Не бегать тебе больше, не ходить, не ползать — ног-то нет! И не работать больше. Нет ног — вот ведь как! И пальцами не пошевелить. Какое же это чудо, какое счастье — пошевелить пальцами ног! Нельзя, не будет и этого!
Или, может, подумать о чем-нибудь, что есть на самом деле, и сразу исчезнет этот страшный сон про безногость? О пароходах, о буханках хлеба, о девушках. Подумать о Карин, о пулеметах, книгах, жевательной резинке, поленьях… Но мысли о конкретных вещах не помогали, потому что это не был сон. Это была правда.
Так значит, вот почему голова была как бы ниже ног. Ведь ног-то нет, потому они и кажутся невесомыми. Вполне естественно. Воздух очень легкий. Даже ноготь на пальце ноги и то тяжелее.
Нет рук, нет ног…
В ужасе он откинул назад голову и начал истошно кричать. Но и это осталось лишь намерением, потому что рта у него не было, и кричать он не мог. Не услышав собственного крика, он так изумился, что принялся двигать челюстями, как человек, который пробует какое-то незнакомое ему кушанье. Самая мысль об отсутствии рта казалась настолько нереальной, что даже не вызвала беспокойства. Он пытался работать челюстями, но челюстей не было. Он пытался провести кончиком языка по деснам и зубам, по нёбу, словно очищал рот от застрявших зернышек малины, но у него не было ни языка, ни зубов. Не было десен, не было губ. Он попробовал глотнуть слюну, но не смог — глотать было нечего и нечем.

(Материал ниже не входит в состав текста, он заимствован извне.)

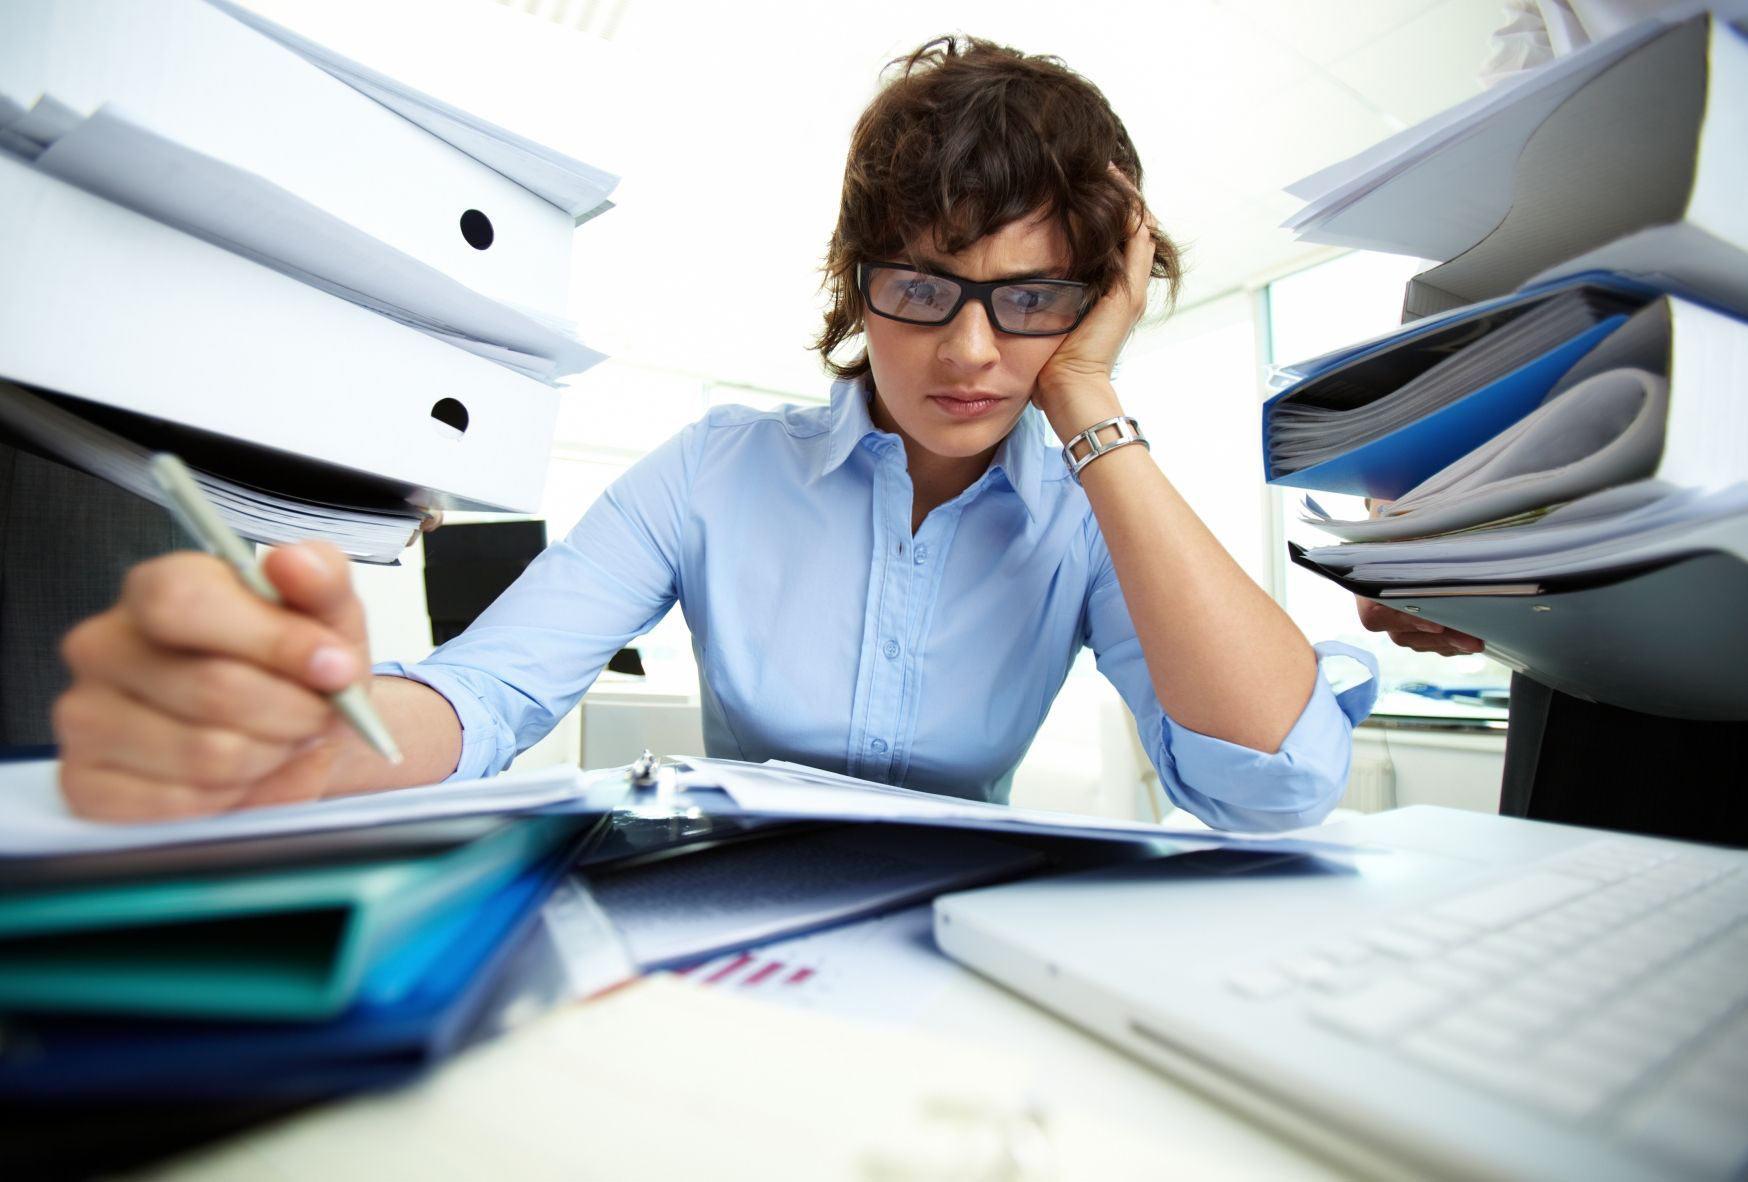 как заставить бухгалтера работать

Он начал тяжело дышать, задыхаться, словно кто-то прижал матрас к его лицу. Он дышал быстро и прерывисто, но в сущности он и не дышал — воздух не проходил через его нос. У него не было носа. Он чувствовал, как опускается, поднимается и трепещет его грудь, но сквозь то, что было его носом, не проходила и самая маленькая струйка воздуха.
И снова его охватило дикое, паническое желание умереть, убить себя. Он попытался дышать пореже, совсем не дышать, чтобы задохнуться. Он чувствовал, как внутри горла напряглись и сомкнулись мускулы, чтобы не пропустить воздух. Но хотя воздух не проникал в горло, грудь продолжала дышать. Легкие получали воздух. Воздух поступал в легкие не из горла, а откуда-то еще.
Теперь он уже ясно понимал, что умирает, но любопытство не покидало его. Не хотелось умереть, не разобравшись во всем. Когда вдруг выясняется, что у тебя нет ни носа, ни рта, ни языка, ни нёба, — неудивительно, если недосчитаешься чего-нибудь еще. Но это же невероятно — в таком состоянии человек должен умереть! Ведь нельзя же в самом деле лишиться чуть ли не всего себя и все-таки остаться живым. С другой стороны, если ты так ясно сознаешь свои потери и можешь думать о них, — значит, ты жив. Разве мертвецы думают? Мертвецы не любопытны, а тебя одолевает любопытство, и, следовательно, ты еще не умер.
Он попробовал подвигать мускулами лица, напрягая их что было сил, но ощутил лишь пустоту. Там, где были рот и нос, теперь, видимо, нет ничего, только дырка, перекрытая бинтом. Он попытался определить размеры этой дыры, как-то отграничить ее края, нервами и порами лица ощутить ее очертания, выяснить, куда и насколько она простирается.